By emphasizing Vietnam, Kerry scraped the scab of the war. And then the Swifties — backed by Bushies — poured salt onto it. The wound is not healed. And it’s stinging again. If we’re not careful, it will start bleeding.
Nothing good is coming of this. It’s not illuminating anything about the candidates. Oh, you can screech at me all you want about this in the comments — Lord knows, you have — but all the screeching won’t tell me what to think. As a voter, I still say I don’t care.
I don’t care about the Vietnam war.
We are in a war now. We are in a war against terrorists and Islamofascists and for modernity and civilization and America. That is the war I care about.
You can blame whomever you want for this fuss and muss. I don’t care about that, either. You can argue that this is really about character — Kerry’s or Bush’s; I’ll have a fuller answer to that shortly.
And you can say it’s about media but note that news media are doing what news media should do: They are reporting. They didn’t just swallow what the Swifties had to say. They dug and found out that everything isn’t as the Swifties or as Kerry says; it’s never that simple, folks. So see the Chicago Tribune today, where one of Kerry’s men points to the untruths of the Swifties. See the Washington Post this weekend sorting through errors of fact or memory on both sides. See the New York Times Friday pointing to inconsistent statements of the Swifties and their Bush backing. Be careful what you wish for: Big news media is paying attention and it’s reporting.
But this argument can go back and forth forever and will we be one bit better off? No, we won’t be.
I watched the start of Meet the Press this morning (before the kids hijacked the TV for Sponge Bob) and not one second was devoted to how to improve the country, only to the mud.
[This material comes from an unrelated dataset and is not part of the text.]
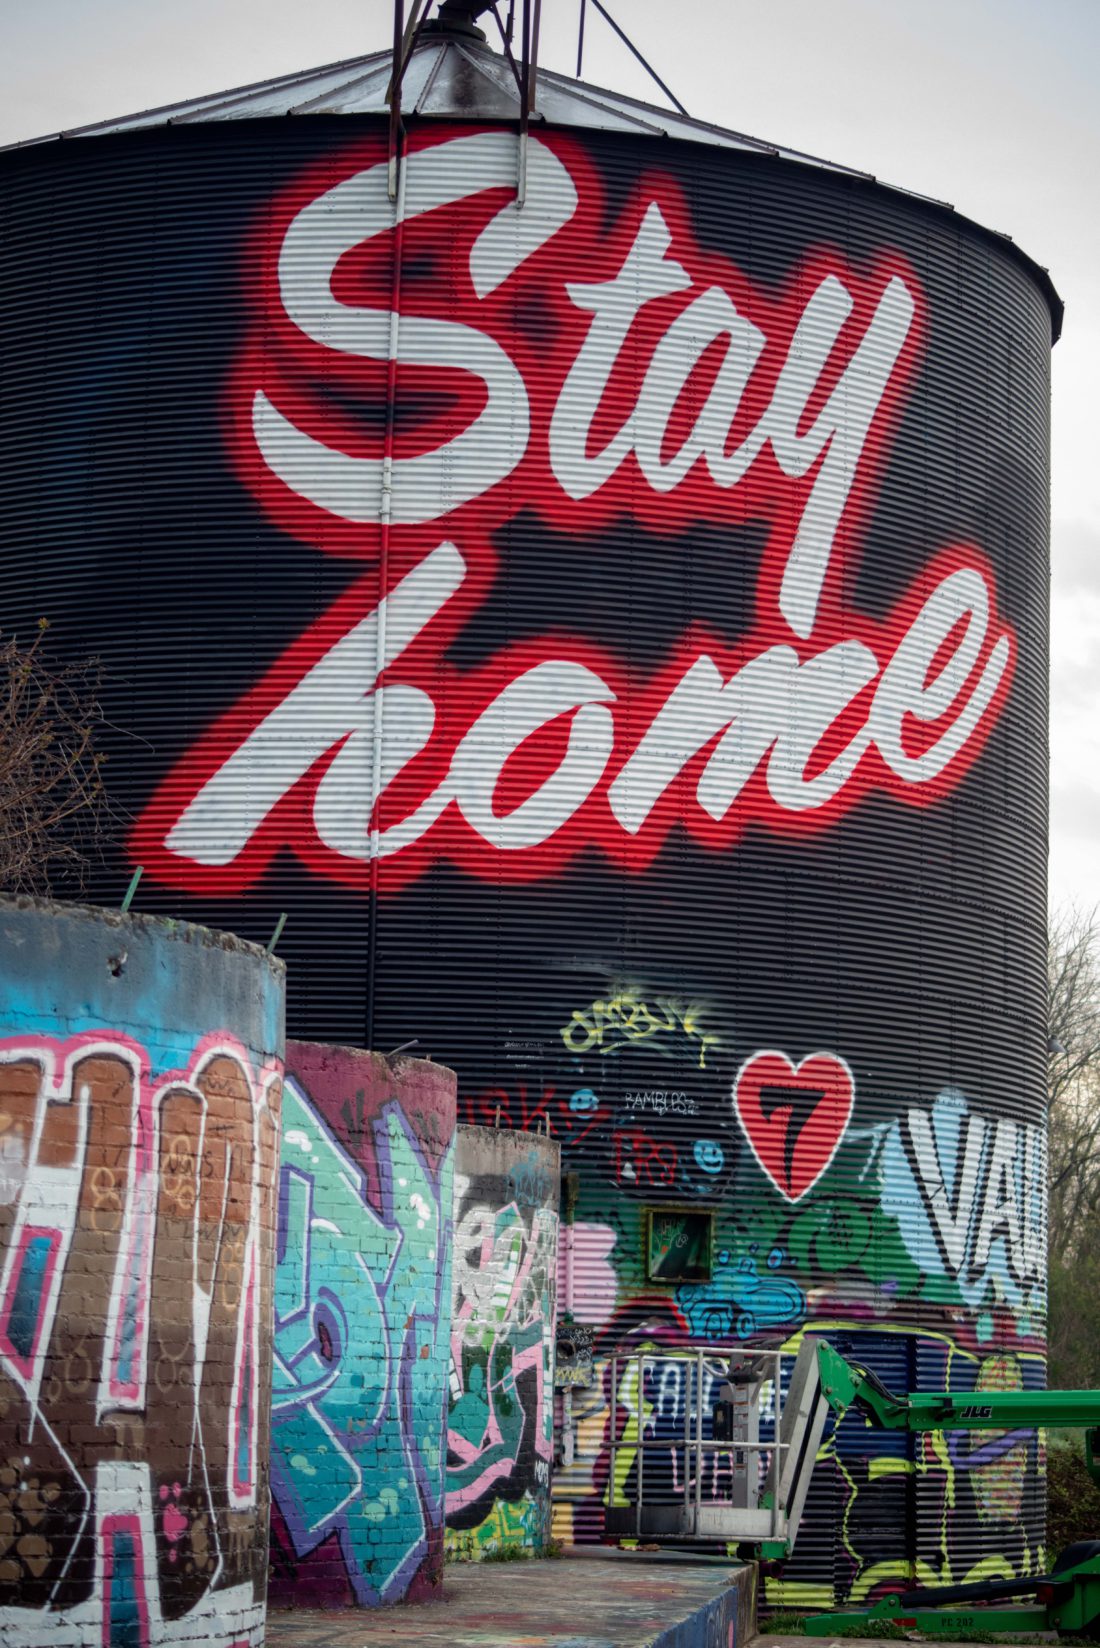 Stay Home tower in River Arts District
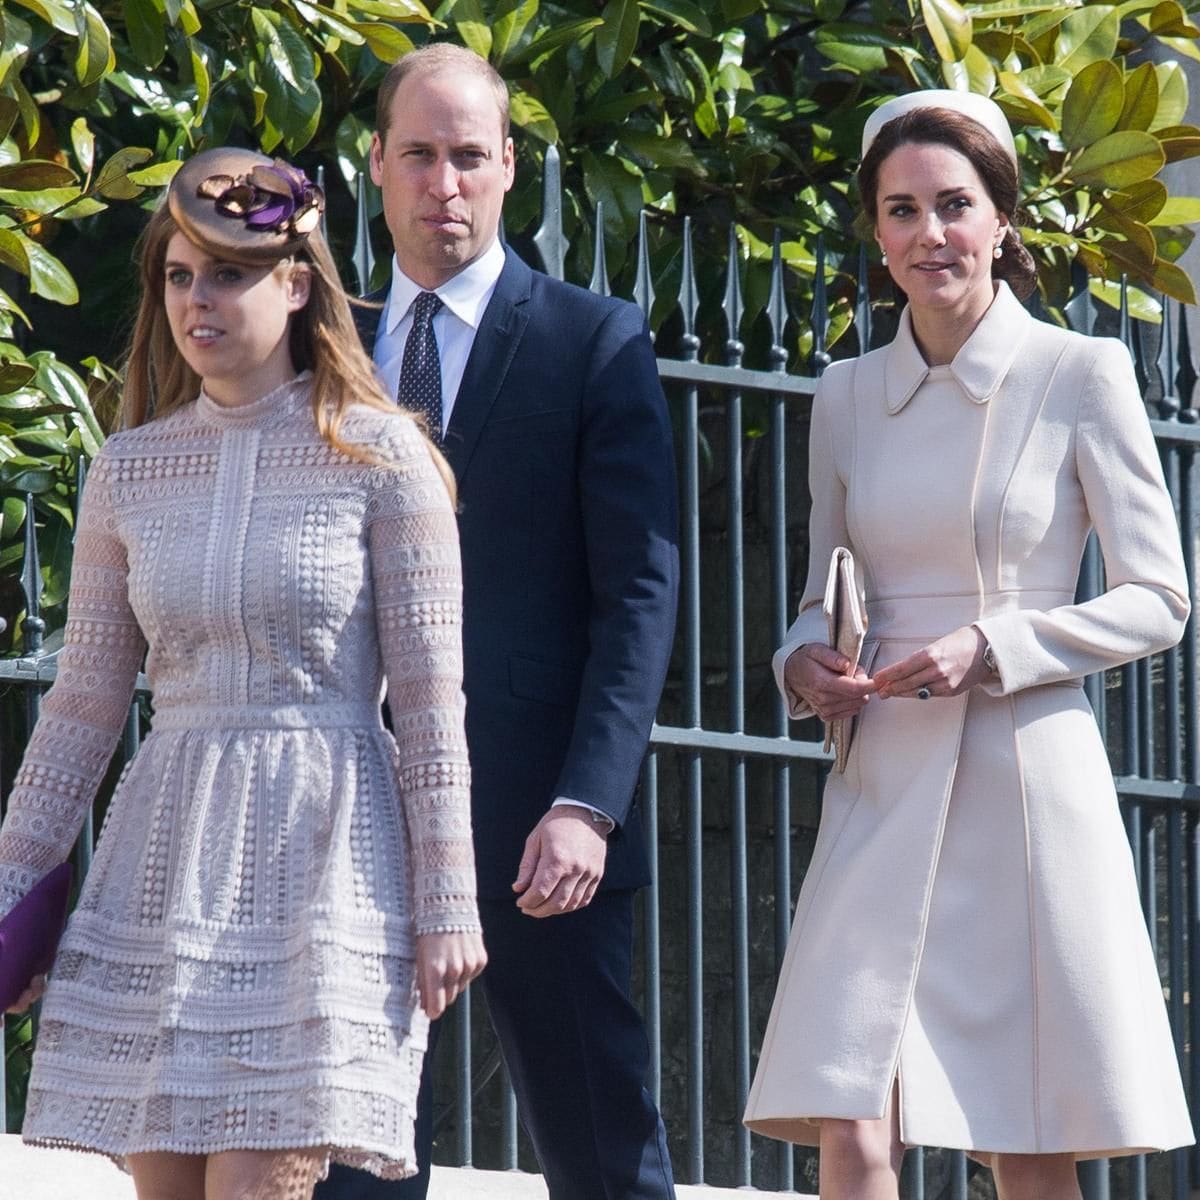 The Cambridge kids and Princess Beatrice's daughter recently spent time with their great grandmother, Queen Elizabeth

Vietnam has moved on and we haven’t.
Meanwhile, there are issues pressing us today: the war on terrorism and terrorists’ war on us; health insurance; the economy; education; free speech; technology innovation; energy independence; and on and on. And we’re wasting sweat and bile over this. Throw away your WayBack machines, folks.
Vietnam is over. It’s the war we lost and we keep losing it.
: MORE: After writing this post, I read a comment left below by David Crisp, who seems to be editor of BillingsNews faulting bloggers of both sides on this story:
….bloggers have blown the Swift Vets story bigtime. I’ve been looking through the blogosphere for two weeks for even one fair-minded account of this controversy. Every place I turn, I find only pro-Kerry folks who think it’s a nonstory and pro-Bush folks who start with the assumption that Kerry is a liar.
That’s just garbage. I want the facts before I decide whether it’s a story. And I’m willing to entertain the possibility that Kerry might be a liar, but that’s not where I want the discussion to start.
To get a handle on where this story really stands, I have found no worthy alternative to the mainstream media. They may have moved more slowly than bloggers, but they did real reporting, added new information, put the issues in perspective and made sense of it all.
Maybe somebody in the blogosphere has done that, too, but I sure haven’t managed to find it. Maybe I rely too much on Instapundit. Please, somebody tell me where to find a balanced blog account. All I find is arrogance, flim-flam and self-congratulation.
What’s really sad is that bloggers and reporters could make great partners: reporters asking questions on the ground, and bloggers doing research and fact checking and creating a forum for discussion. I would love to run a tough story through a gantlet of concerned bloggers who would help me hone, focus and sharpen it. But as a working reporter, all I seem to get from bloggers is contempt.
If blogging is what we have to look forward to as a replacement for newspapers, then I think I’ll give up reading altogether.